Mel’s nemesis during this time was Guy Haskins, a New Zealander studying dentistry at the University of Pennsylvania. As the 1908 Olympics approached, it seemed the two would continue their rivalry in London, but Haskins was not chosen by the American team (presumably because of his birthplace), nor was he selected to compete for Australasia.

In London, Mel won his preliminary 1,500 meters heat in world-record time. That record didn’t last long, as Englishman Norman Hallows knocked more than a second off it in his qualifying race. Mel matched Hallows’s 4:03.6 record when they ran head-to-head, which was good enough to take the gold medal. In the 800 meters, Mel won another gold medal, improving on the previous Olympic mark by 3.2 seconds. The remarkable thing about this record was that Mel rarely ran the 800—and hadn’t even run the event in the Olympic trials.

Mel’s third gold medal in the 1908 Olympics came on the anchor leg of the 1,600 meter relay. A bit different than the modern 4 x 400, the race back then was broken into uneven segments of 200, 200, 400 and 800 meters. Red Hamilton started the race for the US team, handing off to Nate Cartmell, who delivered the baton to John Taylor. Taylor, who moments later would become the first African American to win a gold medal, built a 15-yard lead before handing off to Mel, who ran a lightning-fast 800 meters and broke the tape three seconds ahead of the Germans and Hungarians.

Back in America, Mel found he had a highly placed admirer. President Theodore Roosevelt, a former athlete in college, was obsessed with Mel’s 1,500 record. In a private meeting, TR asked him to recount every detail of the race. Afterwards, Mel offered the president his 1,500 gold medal, saying he had three so he could spare one. For the rest of his life, Roosevelt counted it among his most treasured possessions.

Mel continued to dominate the middle distances, while his Irish American club was tough to beat in relays. In 1909, Mel broke the mile relay record along with teammates William Robbins, CS Cassara and James Rosenberger, the IAAC’s best sprinter. In 1911 and 1912, Mel was the AAU champion at 880 yards. In 1911, he was part of the club’s 4 x 400 team that set a world record.

Since running was strictly an amateur affair, Mel supported himself as a port inspector—first in Philadelphia and later in New York. Rumor had it that President Roosevelt had helped him secure this job. Mel was on duty the April night in 1912 when the Carpathia arrived with the survivors of the Titanic sinking.

Upper Case Collection

Mel traveled to Stockholm in 1912 to defend his Olympic 800 meters title. In the final, he was passed by Ted Meredith, who went on to set a world record. Mel took the silver medal, with a third American, Ira Davenport, winning the bronze. Mel competed in the 400, but did not win his qualifying heat. Mel won his 1,500 meters qualifier with a time of 4:27, but could not crack the Top 3 in the final. He did leave Stockholm with a 4th gold medal, as the lead runner on the 4 x 400 relay squad (left), which broke his running club’s previous record. 

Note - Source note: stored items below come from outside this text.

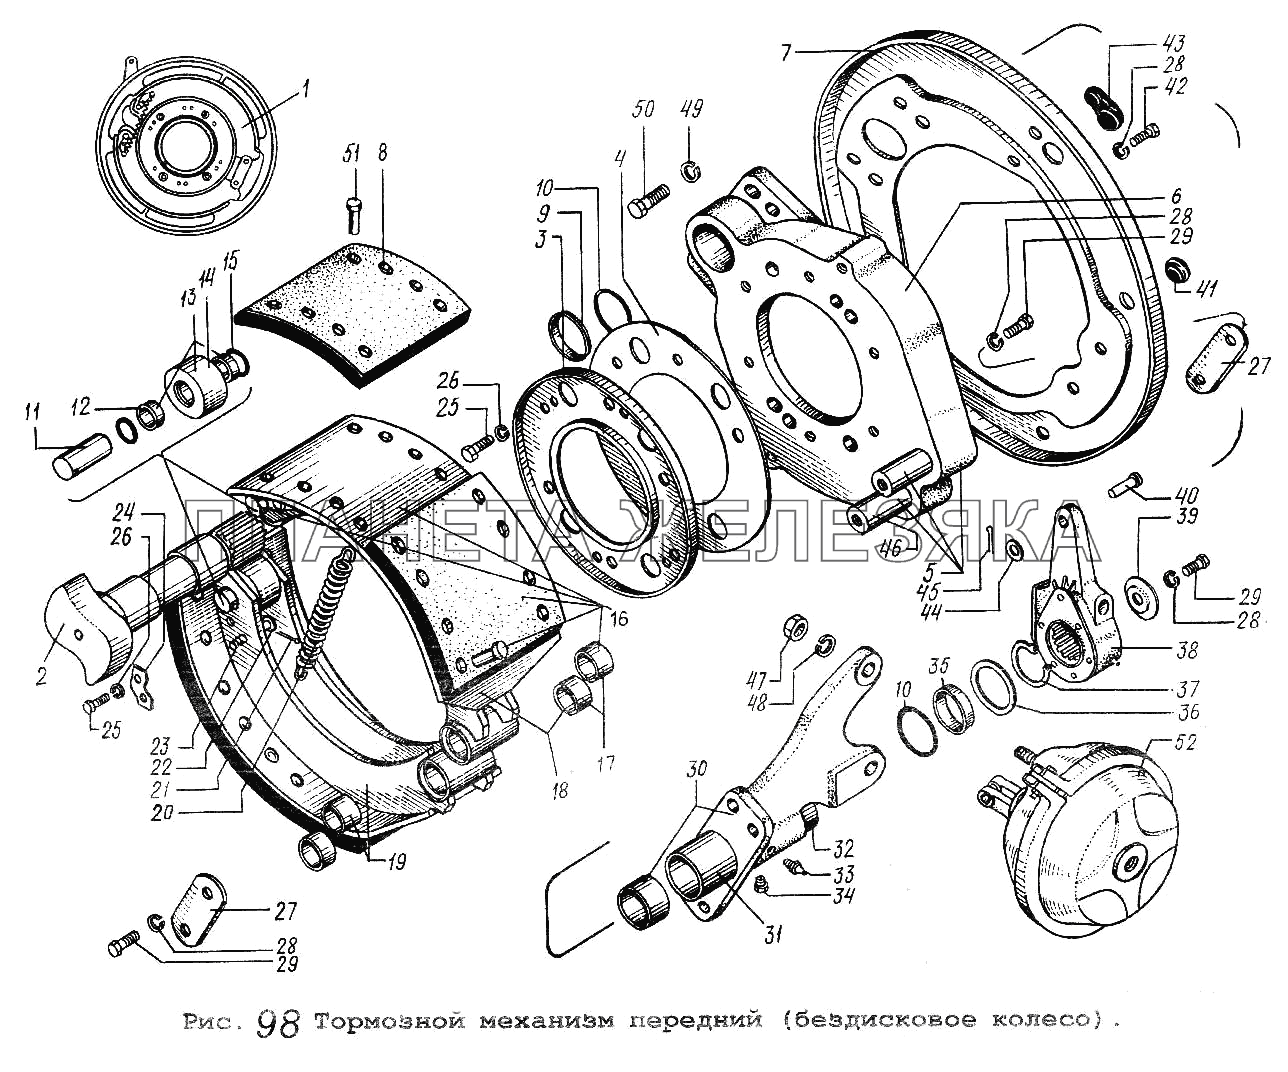 Тормозной механизм передний (бездисковое колесо) МАЗ-5337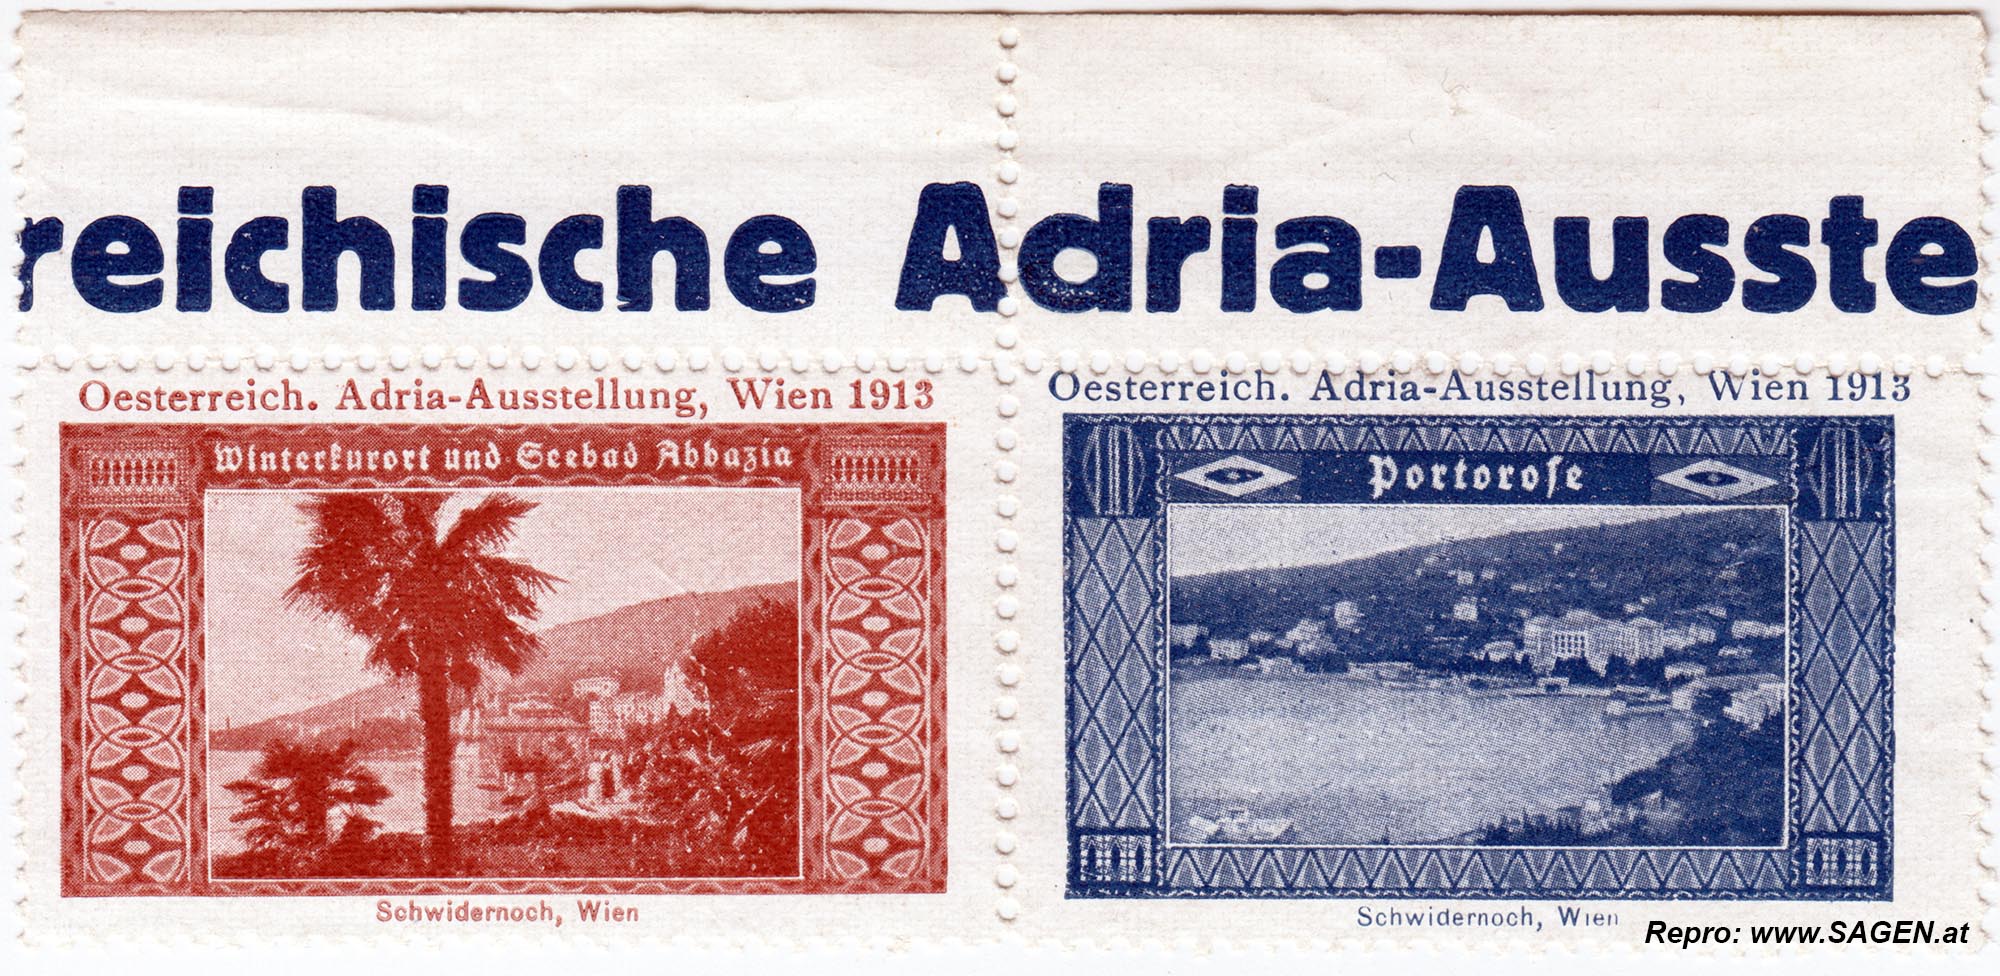 Reklamemarken Österreichische Adria-Ausstellung 1913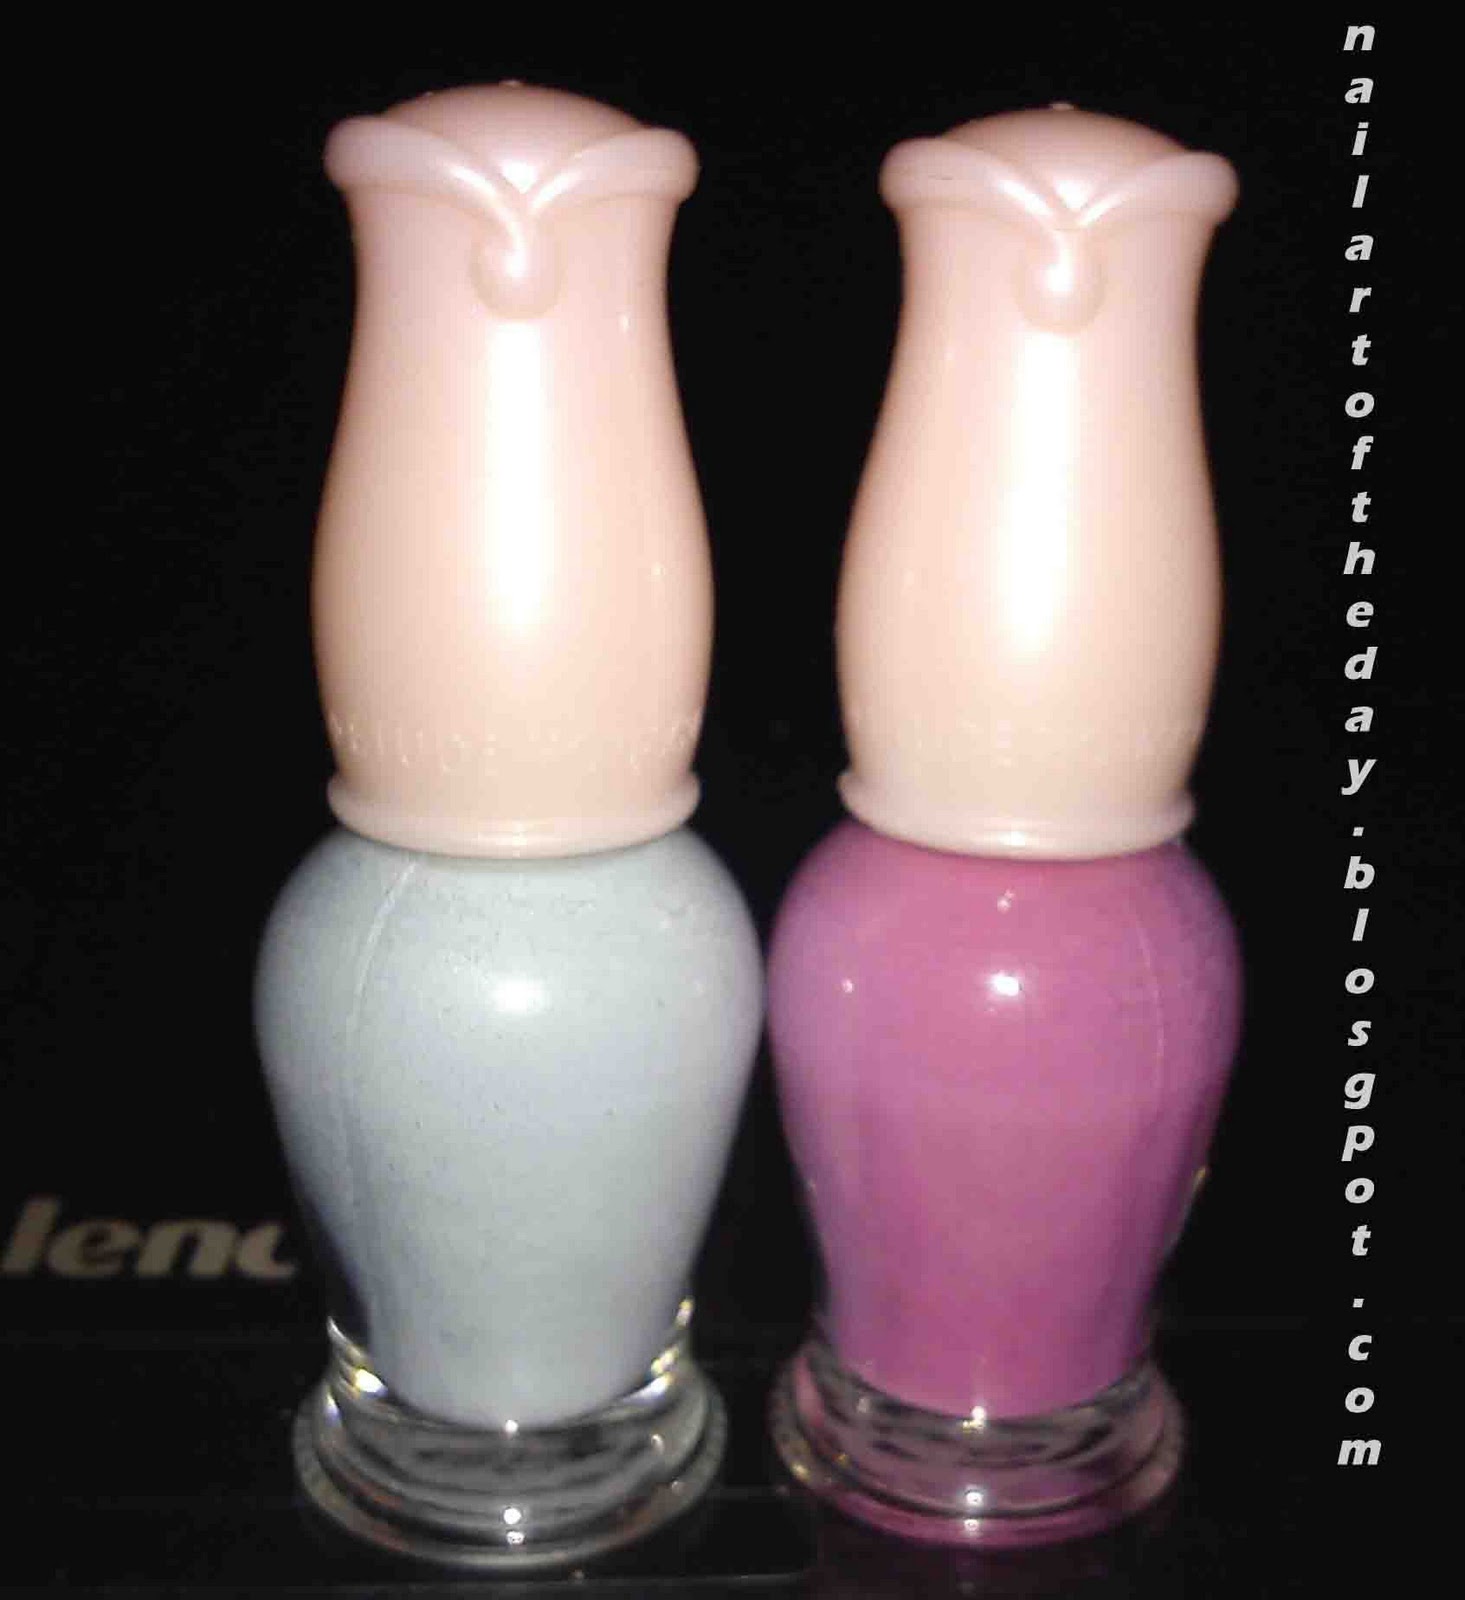 crackle nail polish,  nail polish colors,  neon nail polish,  nail polish bottle, spilled nail polish,  bright nail polish-92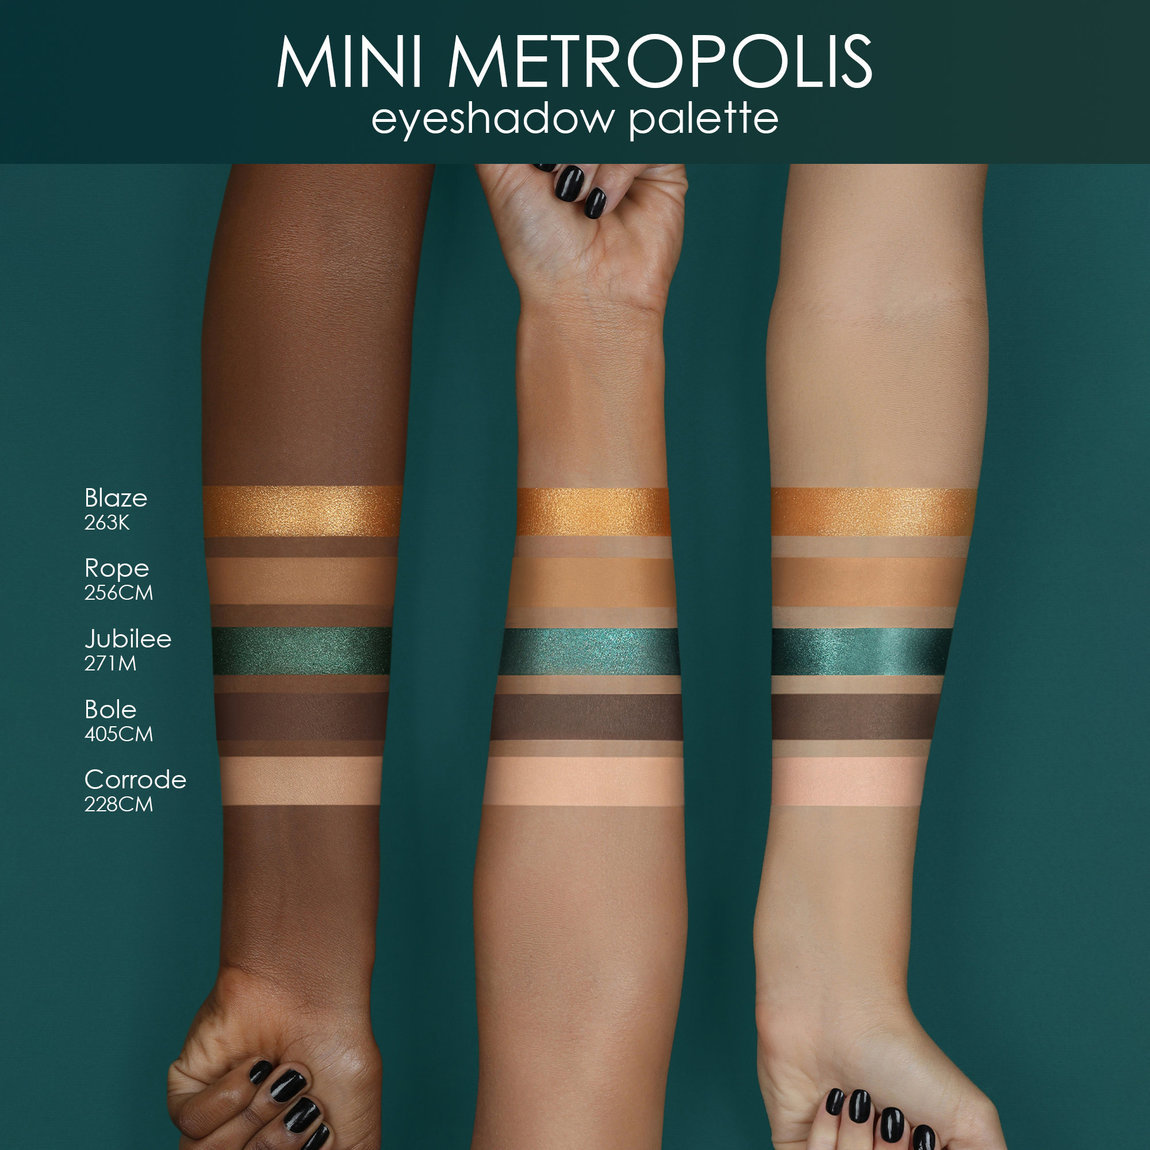 Natasha Denona Mini Metropolis Eyeshadow Palette Swatches Shades Farben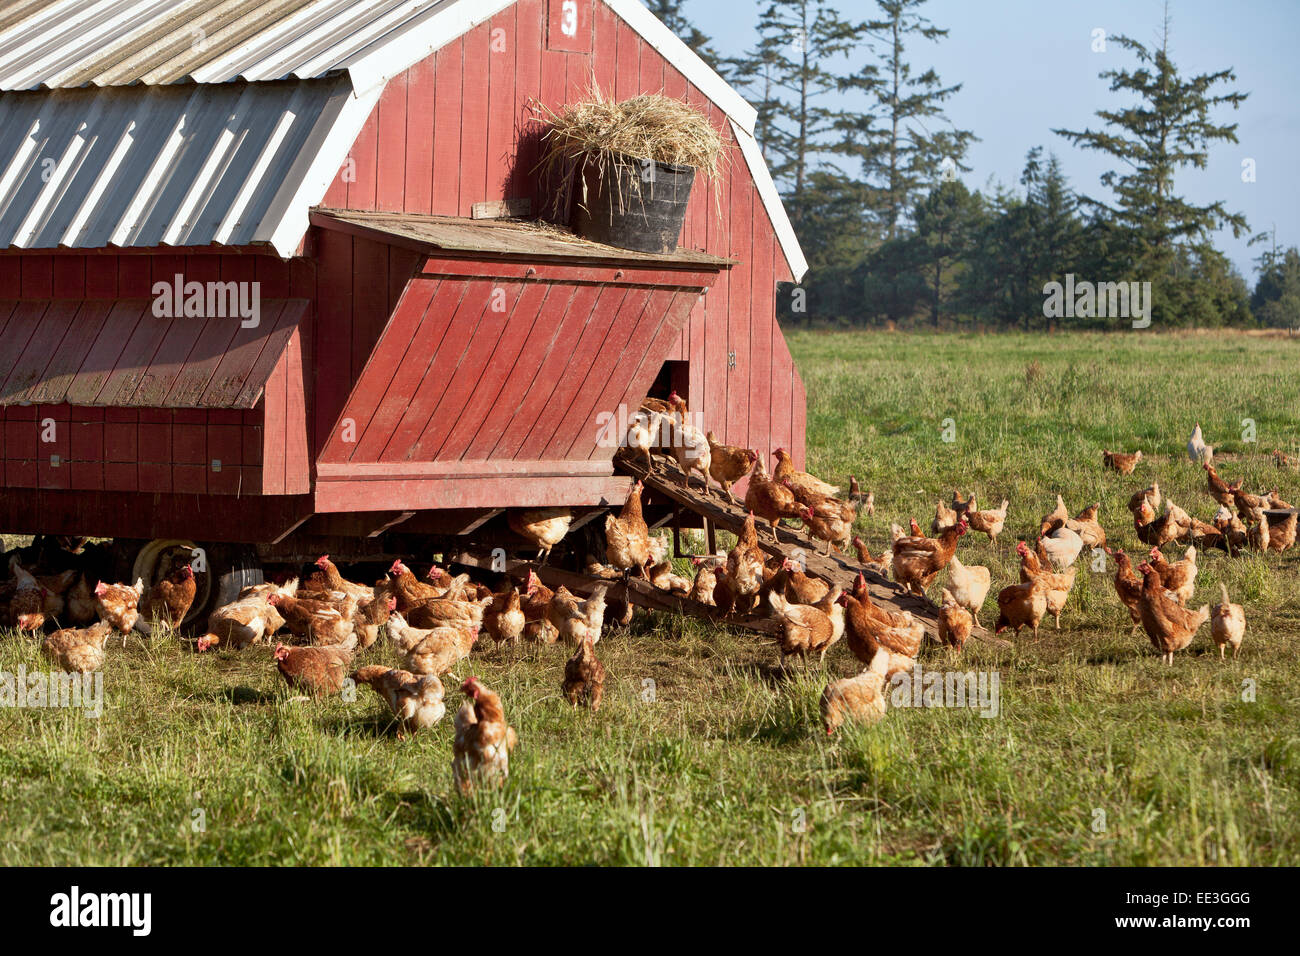 Freie Auswahl organischer Hühner, tragbares Gehäuse, "Gallus domestcus". Stockfoto

After the Olympics, Mel was hired by Philadelphia millionaire John Wanamker to become the recreational director for the employees of his famed department store. Mel also helped organize the Millrose Games in New York—a track meet that he had previously headlined as a competitor. Mel served in World War I as athletic director at a number of military bases, getting new recruits in fighting shape. 

During the 1920s and 1930s, while continuing to work for Wanamaker’s, Mel also coached running clubs and traveled the country for the US government to help set up urban playgrounds. In 1928, he coached the US women’s Olympic track team in Amsterdam. Everyone who was anyone in the running world knew Mel.

He passed away at age 59 in Queens, possibly from an untreated ulcer or a burst appendix.